**ASSIGNED TASK:** Your answer should hold only the lines from the one containing "65-lb Capacity Wall" through the last line below, copied exactly; pictures stay out.

(DATA EXTRACT)

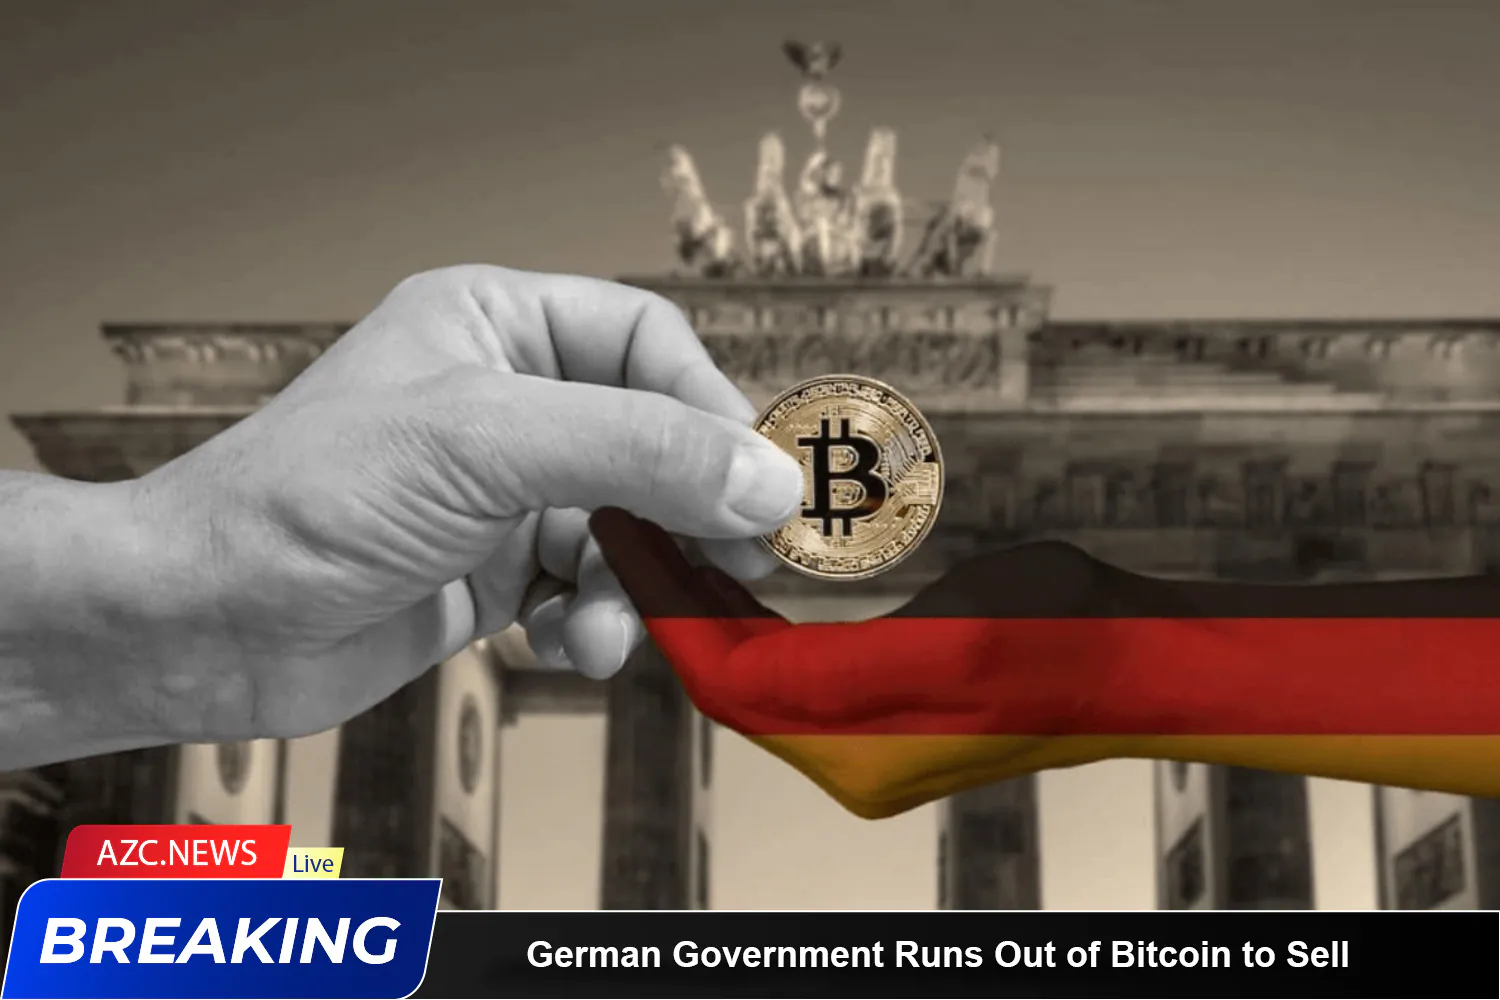 Bitcoin Price Nears $60k As The German Government Runs Out Of Bitcoin To Sell
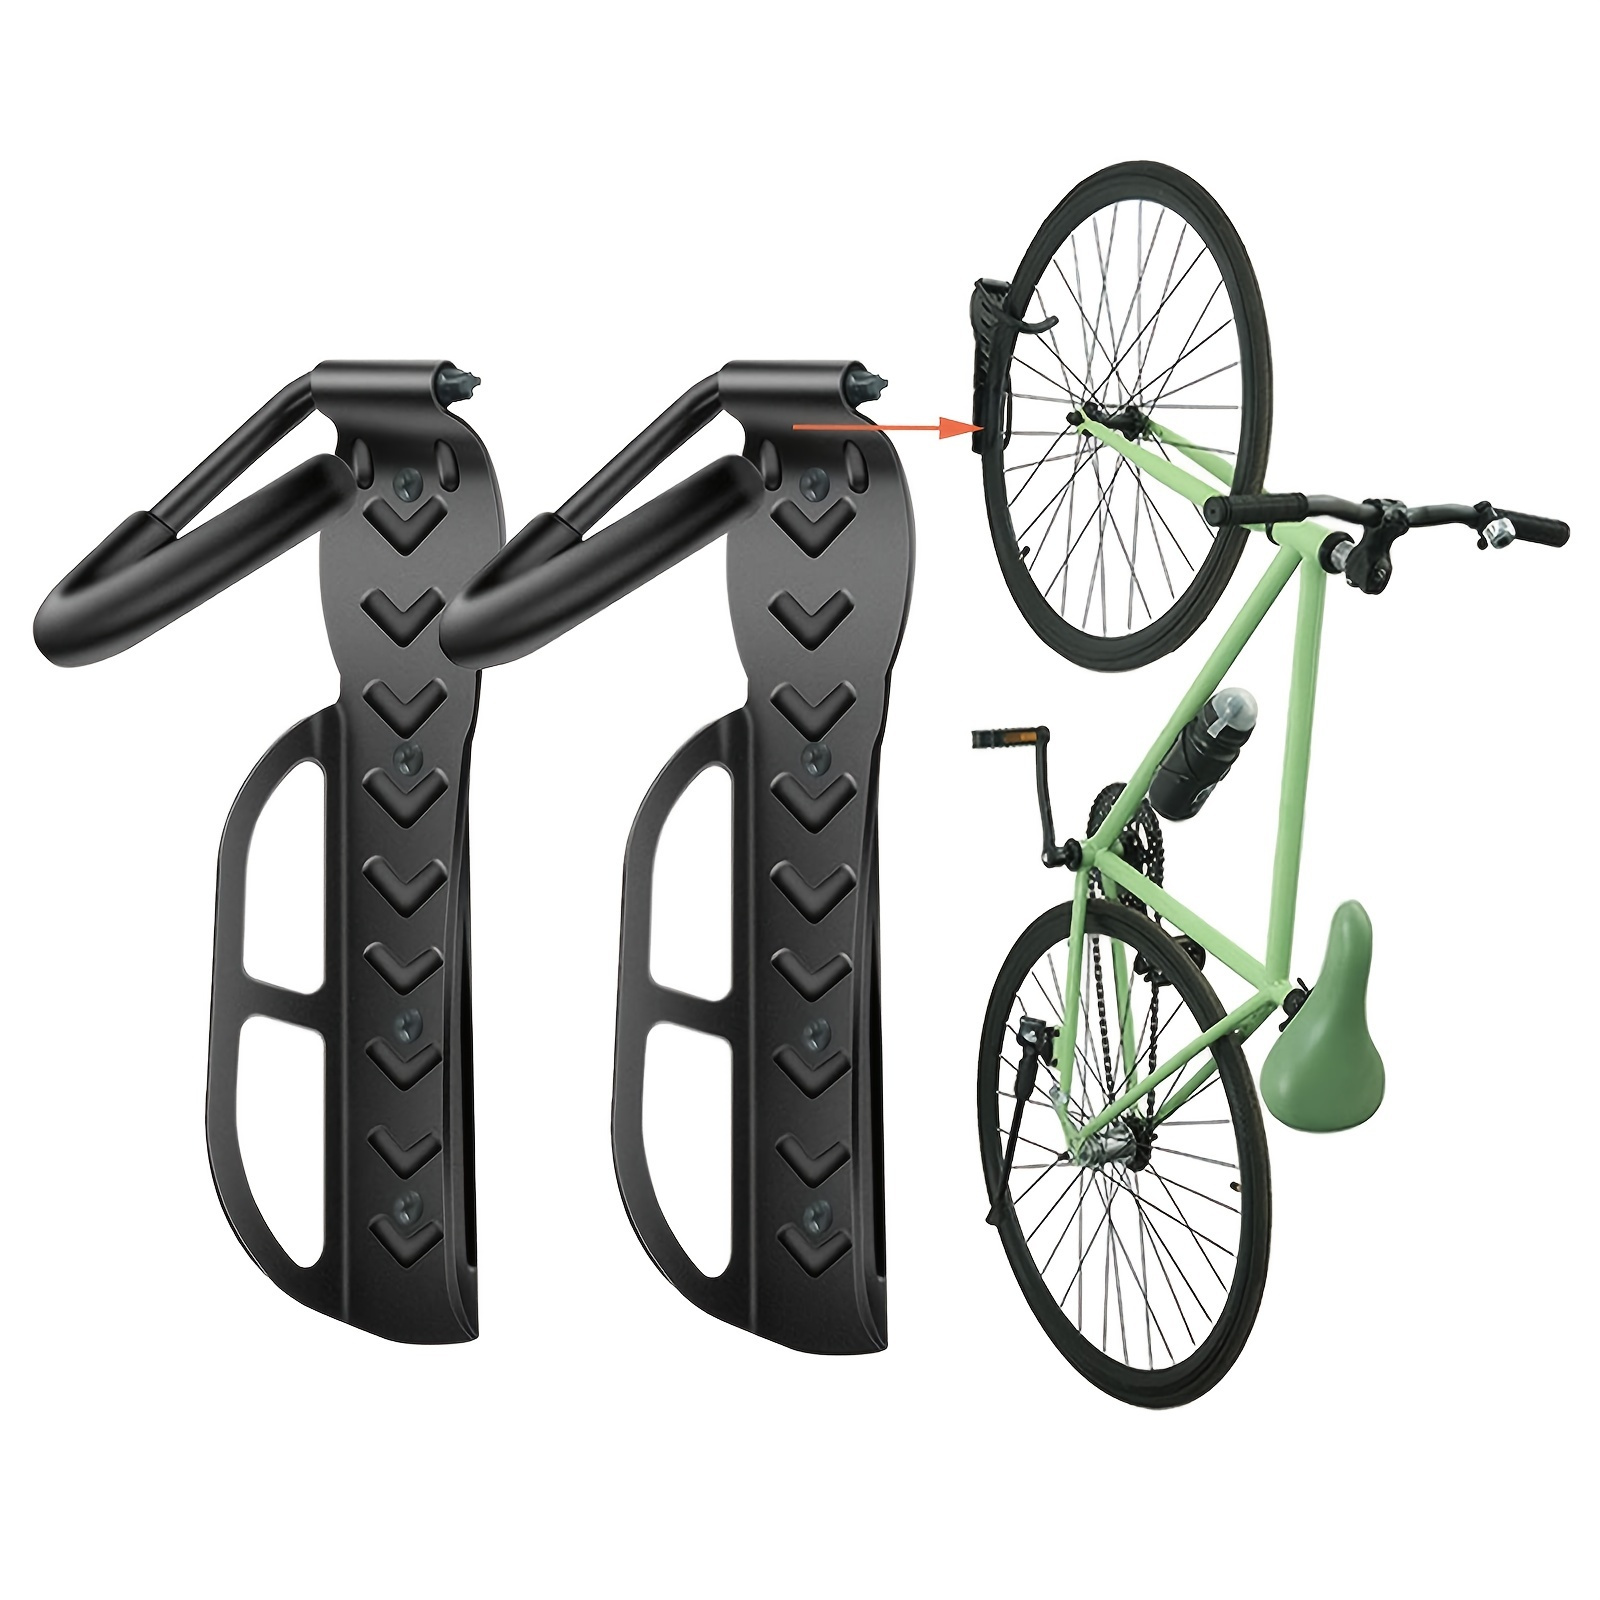 

65-lb Capacity Wall Mount Bike Rack: The Perfect Garage Storage System For Your Bikes - Easy To Hang & Detach!
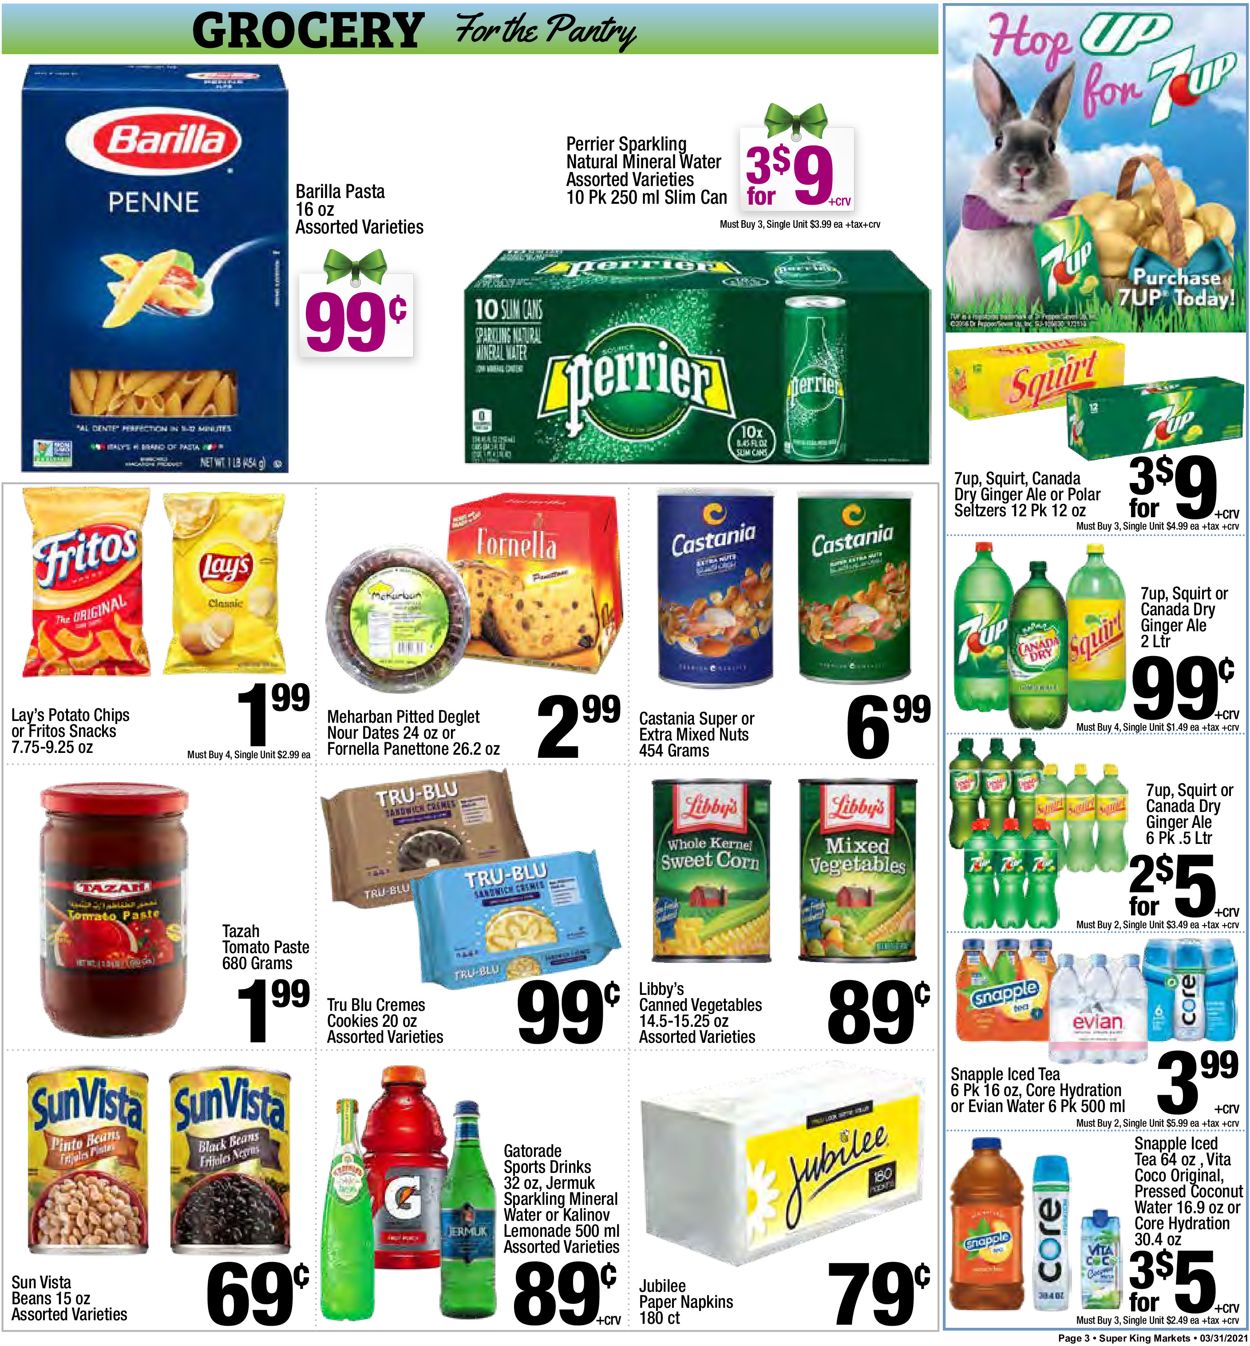 Catalogue Super King Market Easter 2021 ad from 03/31/2021
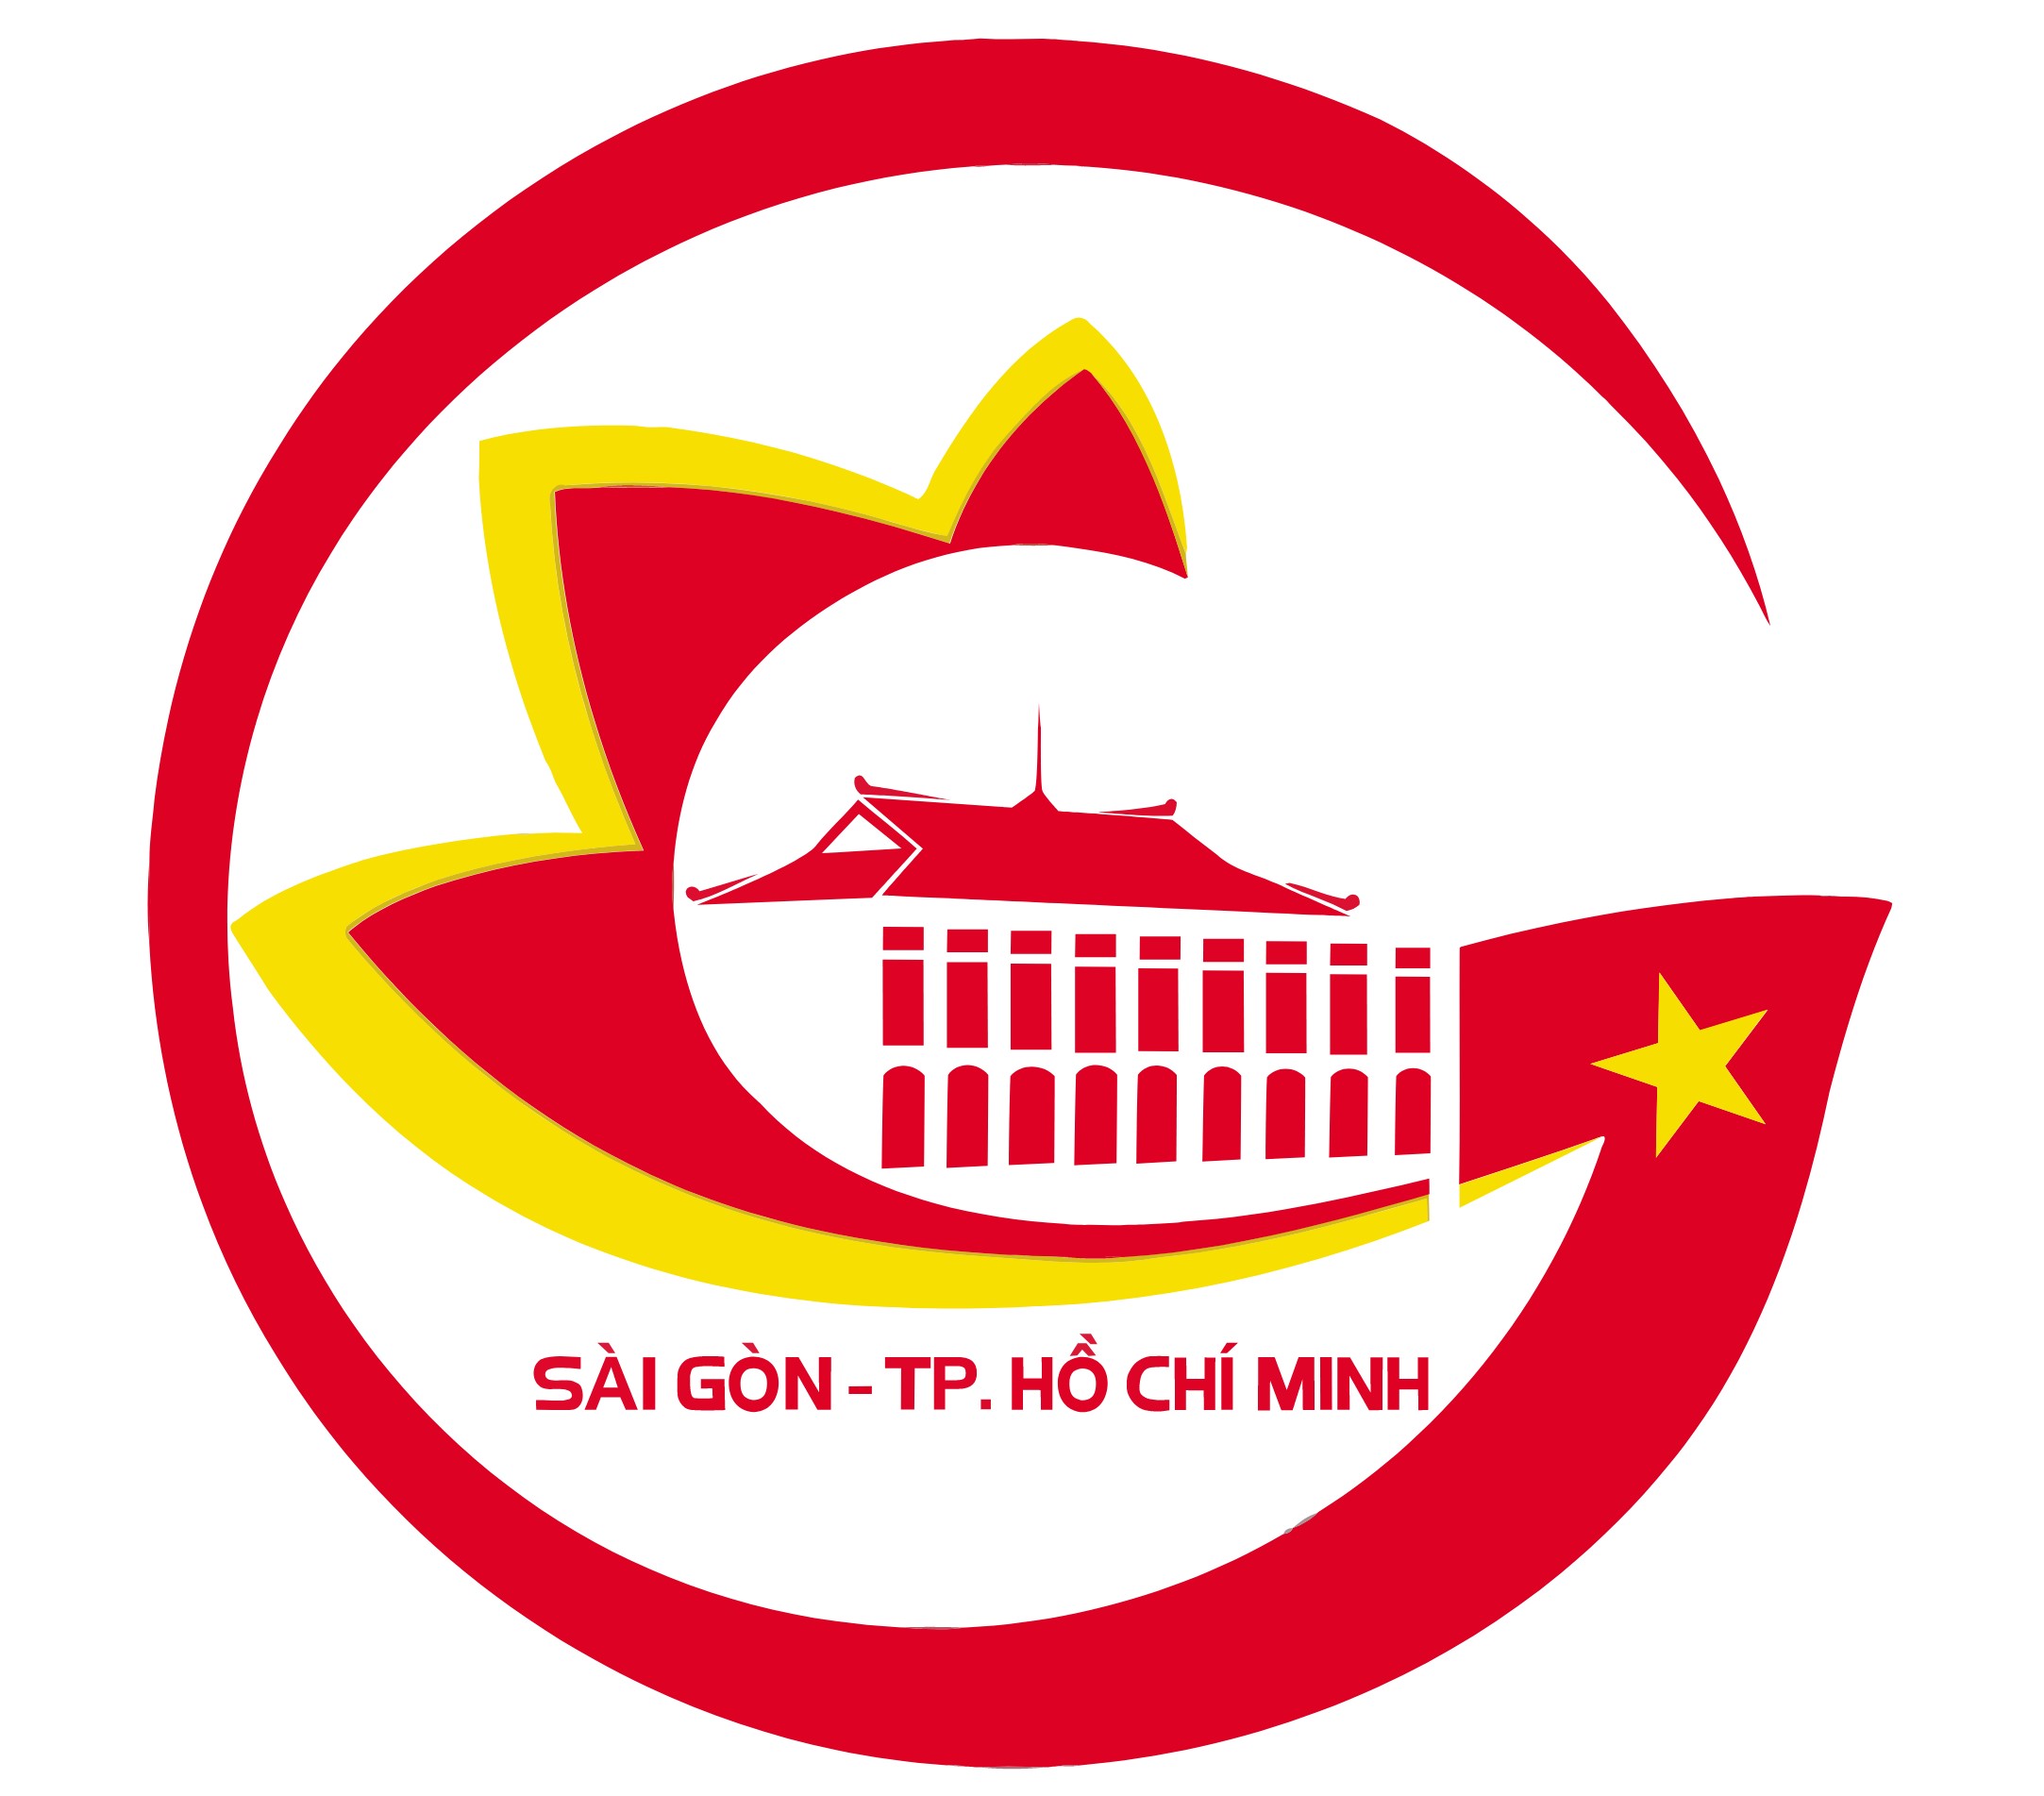 Official seal of Ho Chi Minh City

(End DATA EXTRACT)

**SOLUTION FOR THIS EXERCISE:**
65-lb Capacity Wall Mount Bike Rack: The Perfect Garage Storage System For Your Bikes - Easy To Hang & Detach!
 Catalogue Super King Market Easter 2021 ad from 03/31/2021
 Official seal of Ho Chi Minh City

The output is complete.